Well, a Waiheke Island local, John Stansfield, has developed just that. His only problem? Getting enough rubbish to make it work.
Luscious lettuce is literally growing out of litter.
"What we've developed is a process that turns rubbish into gold," says Stansfield.
The box the greenery is growing in used to be household recycling, most of which would have ended up in landfills.
"Juice cartons, dirty coffee cups, old plastic margarine cans. Through the machine, then it comes out as lovely nice dry pellets which we can then add fibre to which produces this wonderful product which we can make our fibre reinforced plastic board from," says Stansfield.
Plastic fibre products are not new in themselves but they are typically made with high grade plastics. With some help, John Stansfield has created a process that uses dirty plastics.
"That means you can put in things like tantalised timber, which is really dangerous, the dirty old coffee cup, alongside your used toothpaste tube and a polystyrene meat tray."
Out of this he reckons you can make virtually anything.
"I'm a vinter.
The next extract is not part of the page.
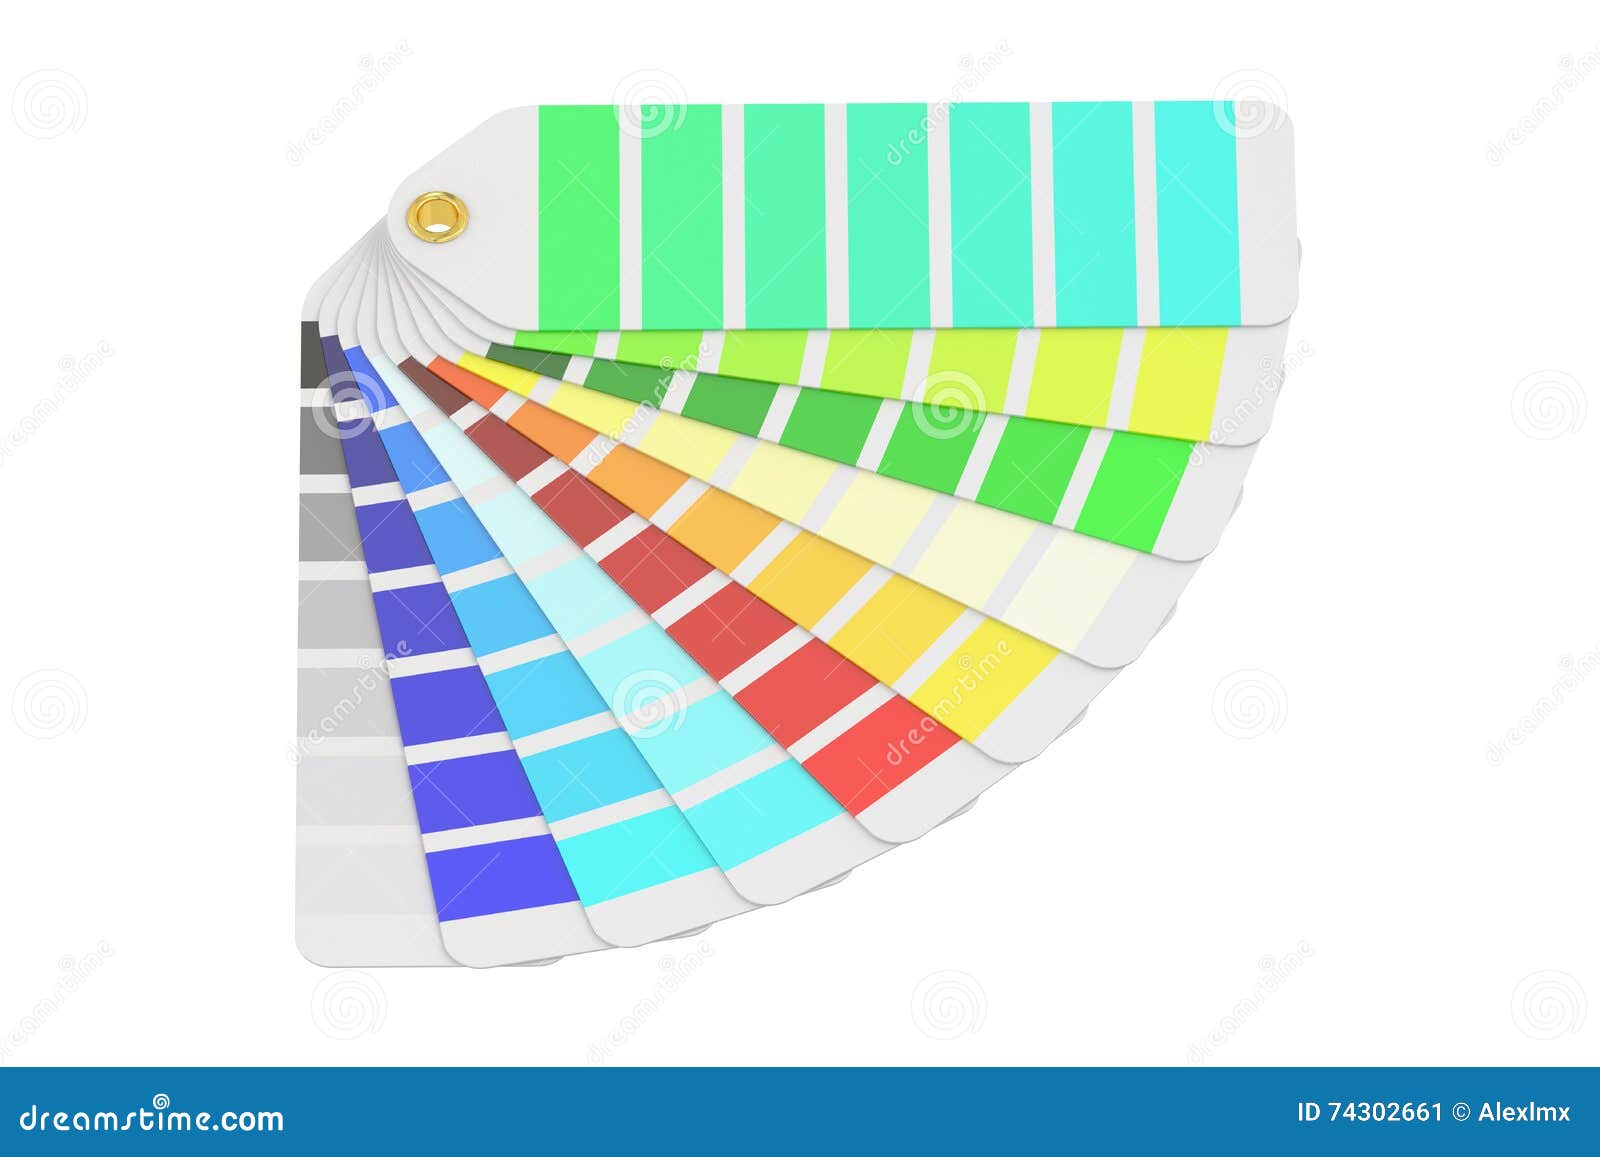 pantone color palette guide, 3d rendering

I could see myself having posts in my vineyard made out of this."
Basically, recyclables get ground up and then put through an agromulator which stretches the plastic around the fibre.
"We've gone through all of our trial phases. We're now ready to scale up," he says.
Stansfield claims the process could make use of not just Waiheke's rubbish, but half of Auckland's too. So what's stopping him?
"We need to know that we've got a secure long-term supply of rubbish so that we can invest in the plant," he says.
That's rubbish contracts he's talking about, pre-investment.
"For a community this size it'll be a couple of hundred thousand dollars but we could be spending that across the country and creating a lot of very sustainable long term jobs."
If Stansfield gets his way, we'll all be able to see tangible benefits from our recycling efforts.